WHAT IS EXPECTED = Return exactly, with nothing added, the lines from the one that contains "SEO-copywriting-How-to-write-content-that-ranks-20141" through the end of the listing below, pictures excluded.

DATA EXTRACT =
====
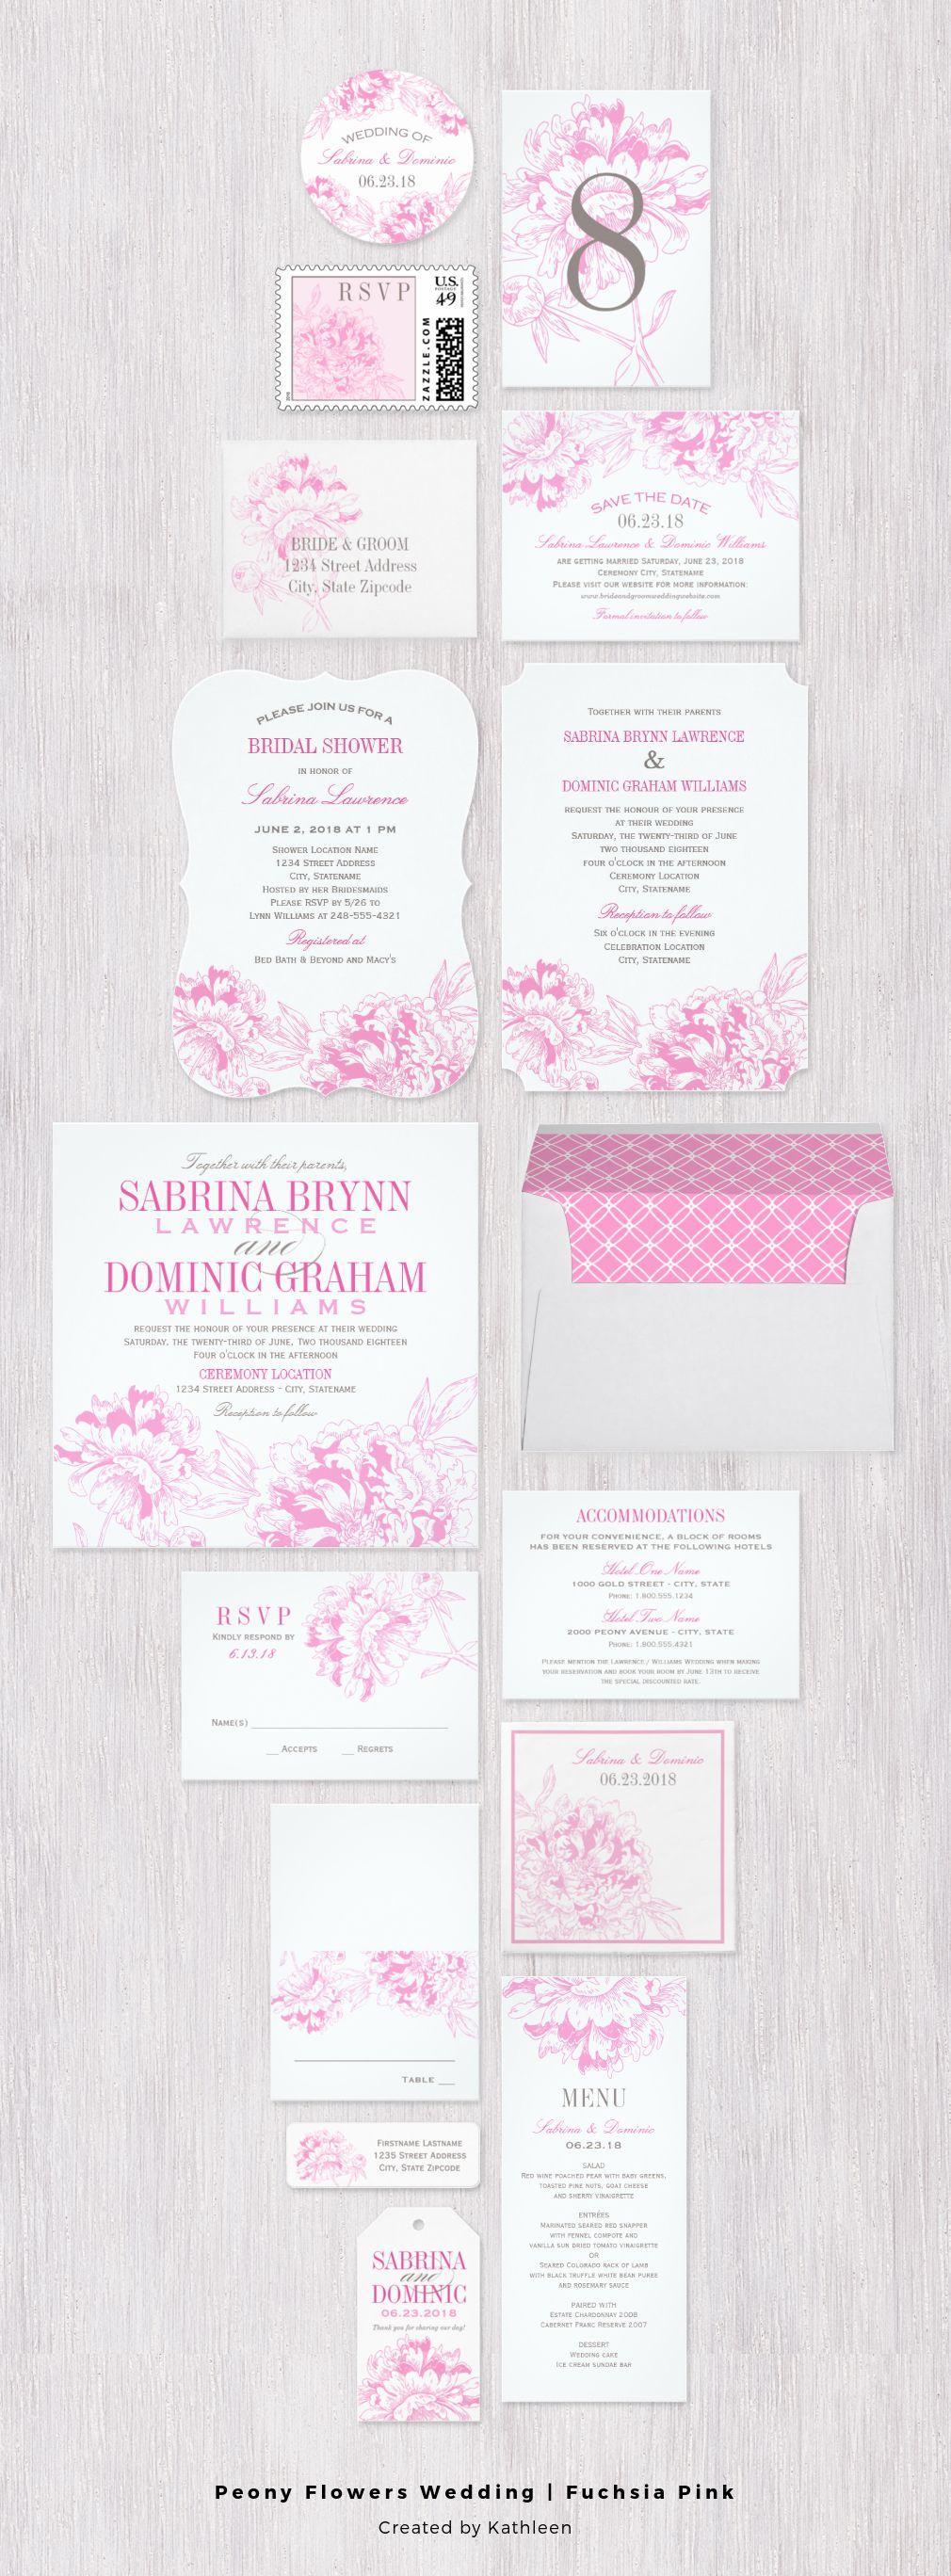 romantic peony wedding invitation in fuchsia pink and gray
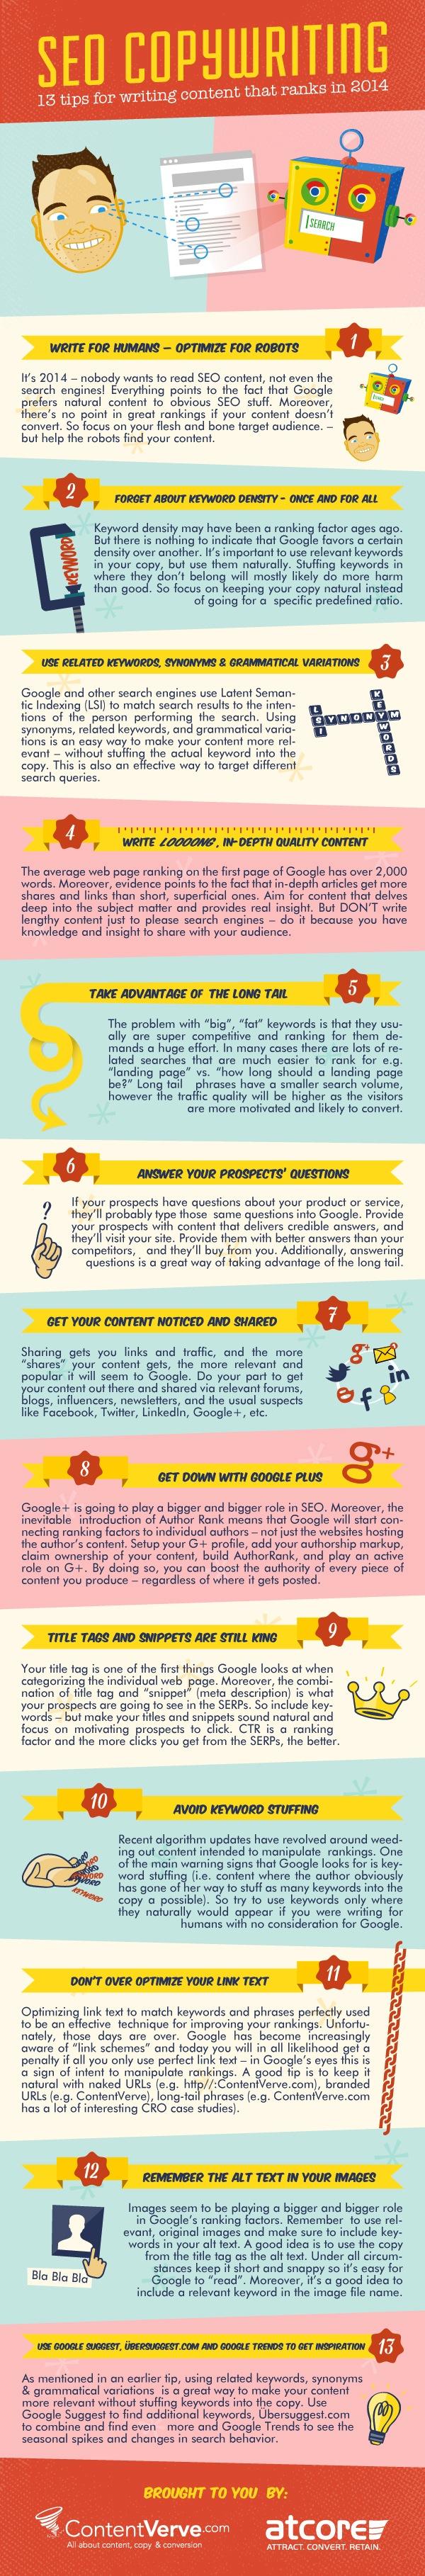 SEO-copywriting-How-to-write-content-that-ranks-20141
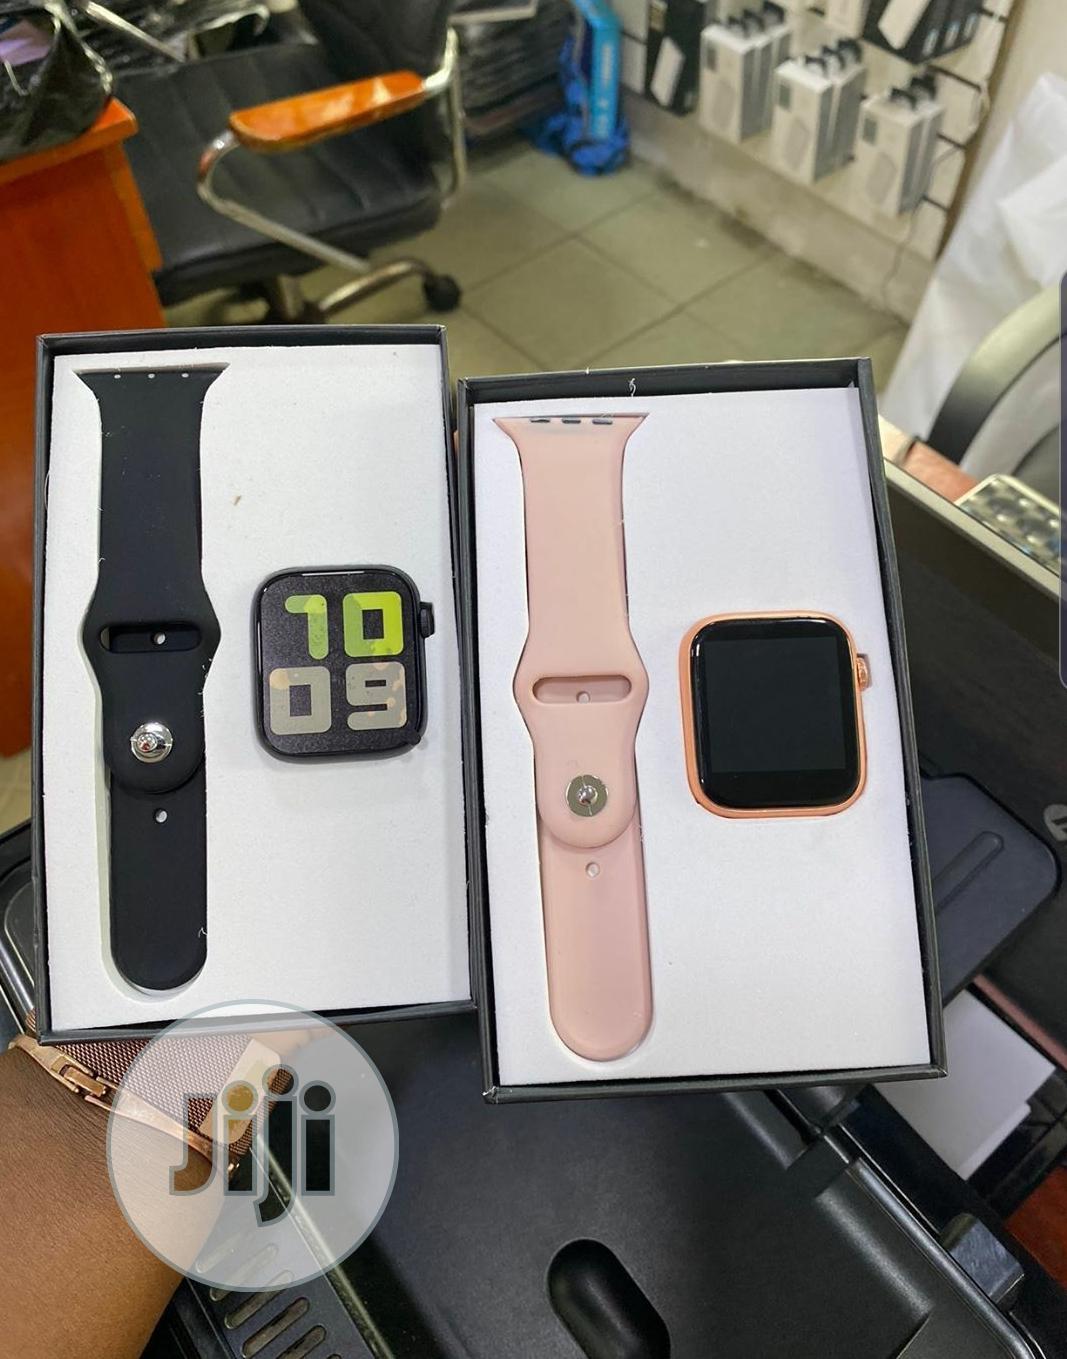 Full Touch Screen Sport Smartwatch
====
SOLUTION TO THE EXERCISE =
 SEO-copywriting-How-to-write-content-that-ranks-20141
 Full Touch Screen Sport Smartwatch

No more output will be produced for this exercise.